▶ [ABOUT THIS TASK] Where a picture appears in the data below, exclude it; restate everything else word for word.

▶ [INFORMATION PROVIDED]
---*---
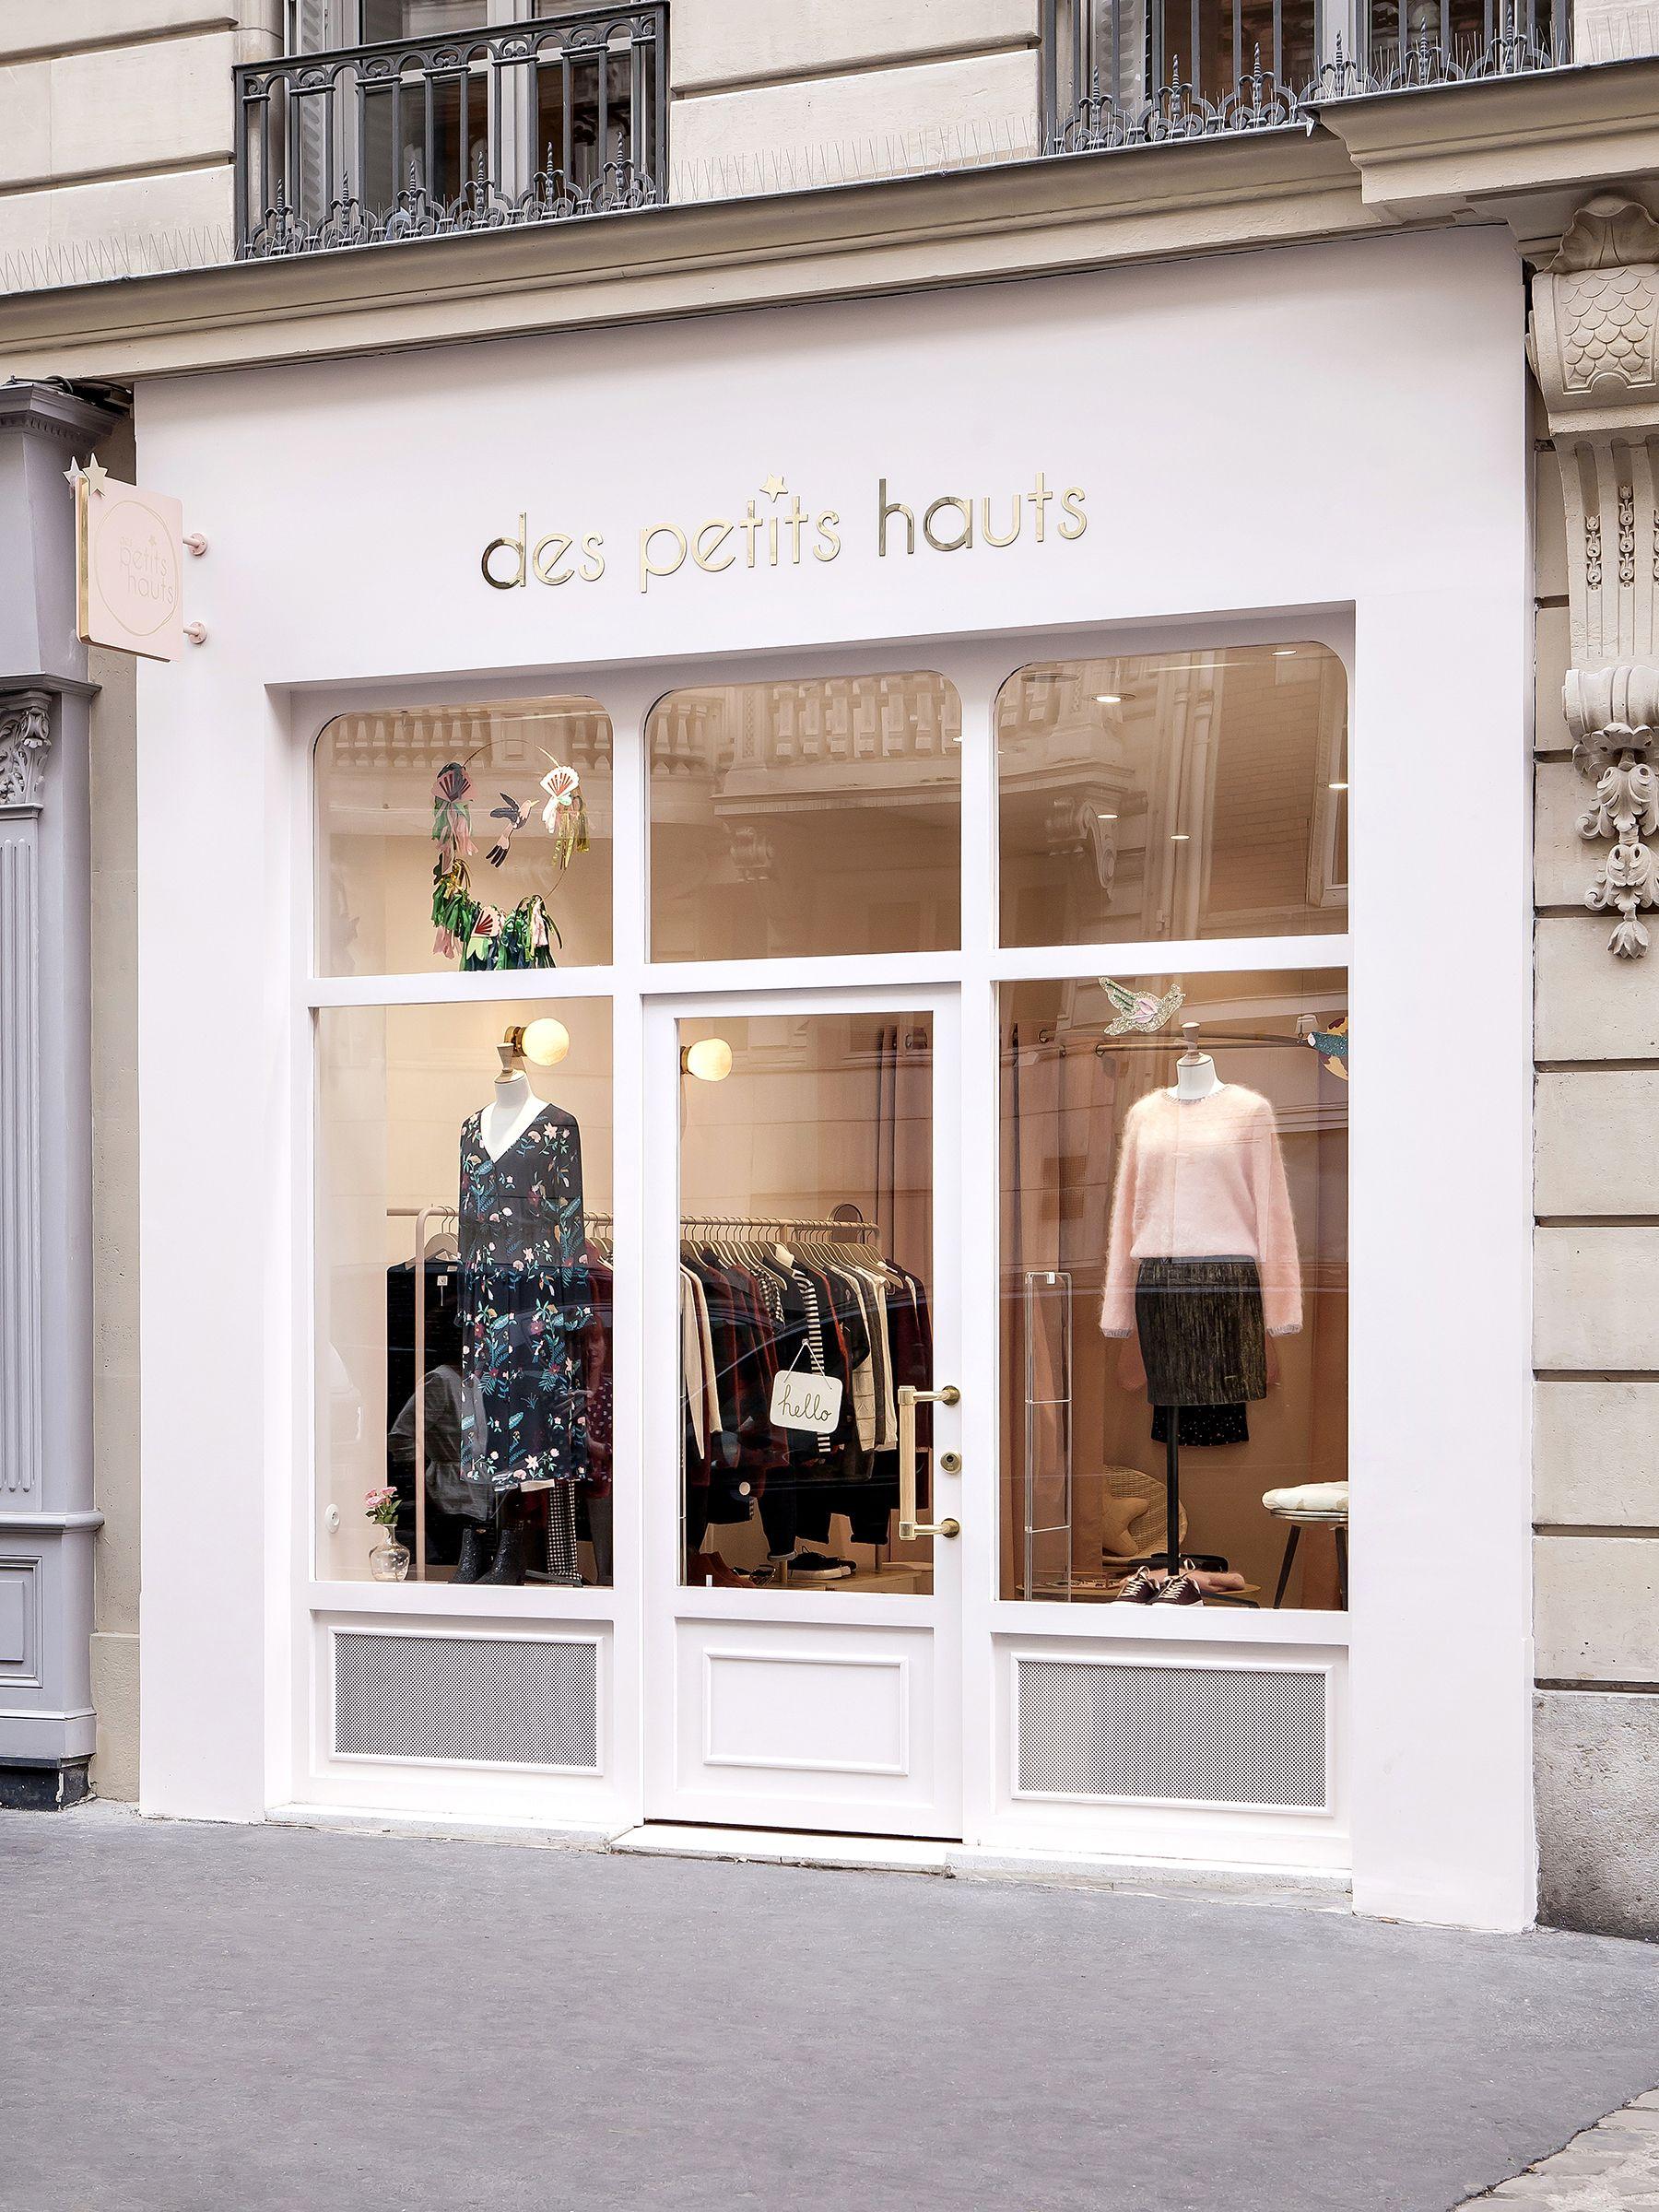 Renovation Boutique Des Petits Hauts A Paris Heju Studio Ide Dekorasi Rumah Desain Interior Rumah Arsitektur
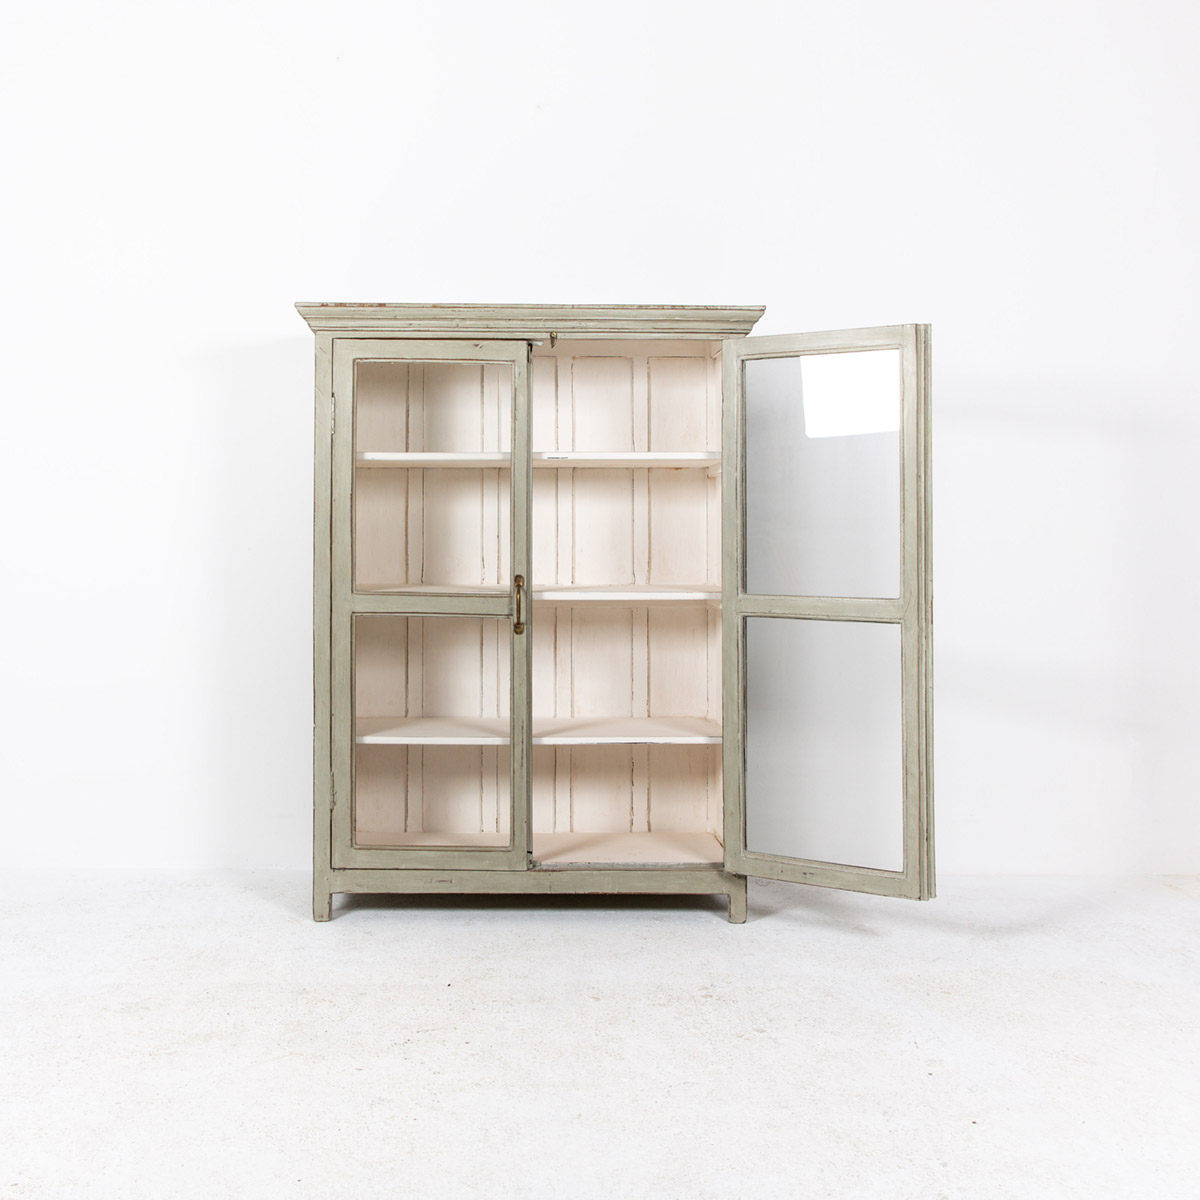 Vitrinekast-2-deuren-oud-grijs-6
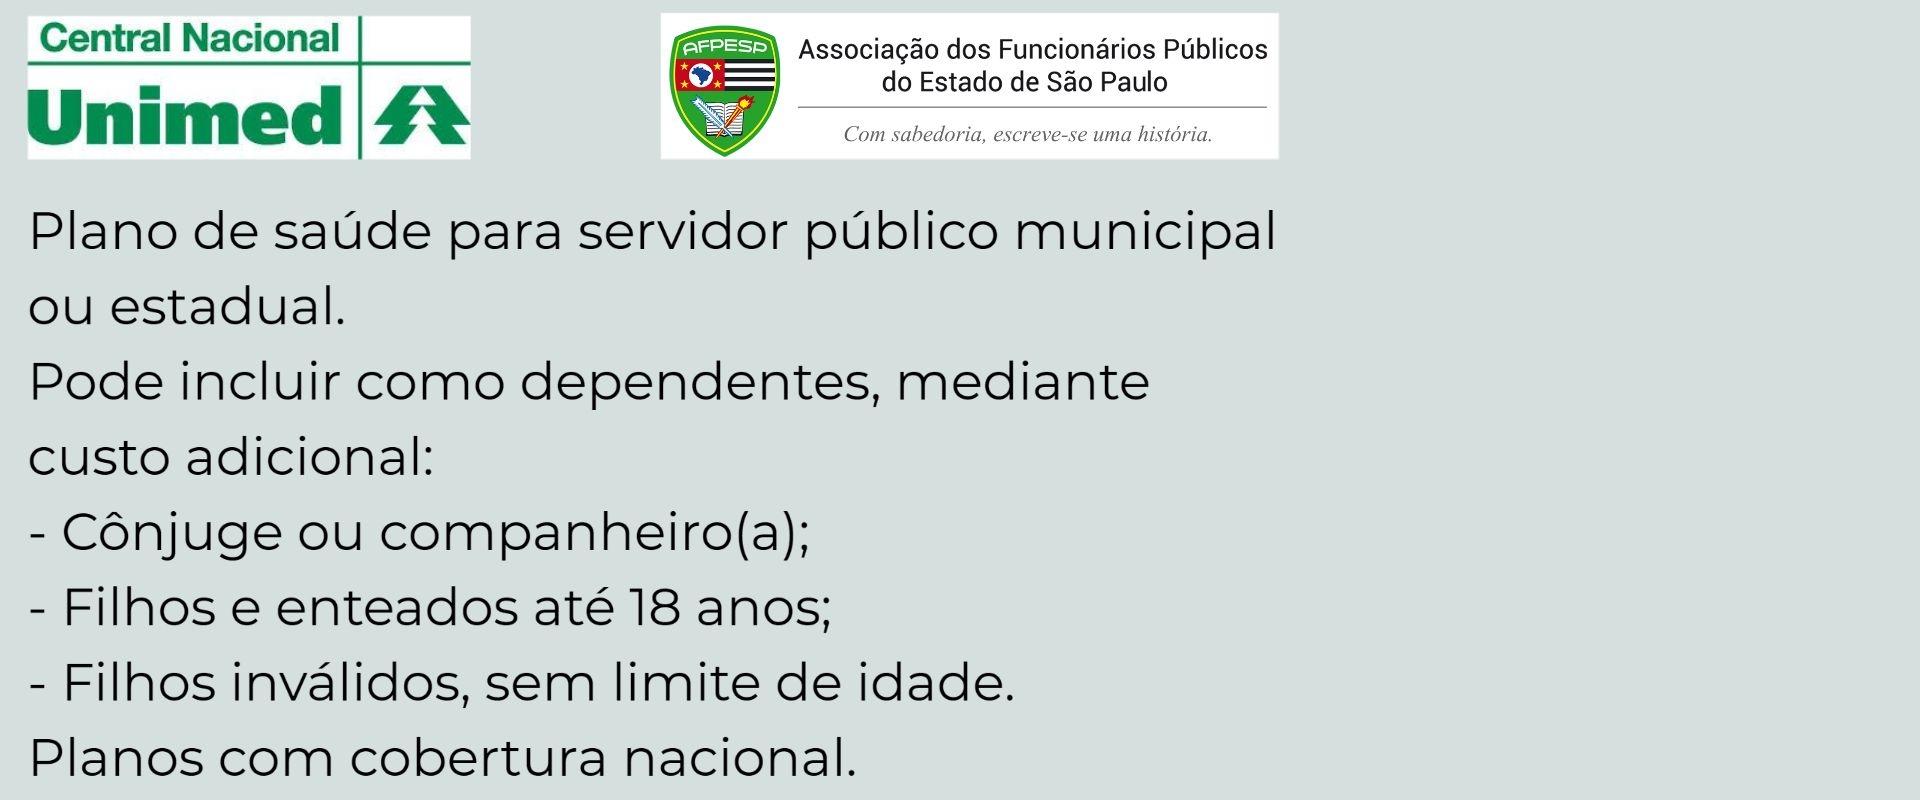 Unimed AFPESP Bragança Paulista
---*---
▶ [REPLY]
 Renovation Boutique Des Petits Hauts A Paris Heju Studio Ide Dekorasi Rumah Desain Interior Rumah Arsitektur
 Vitrinekast-2-deuren-oud-grijs-6
 Unimed AFPESP Bragança Paulista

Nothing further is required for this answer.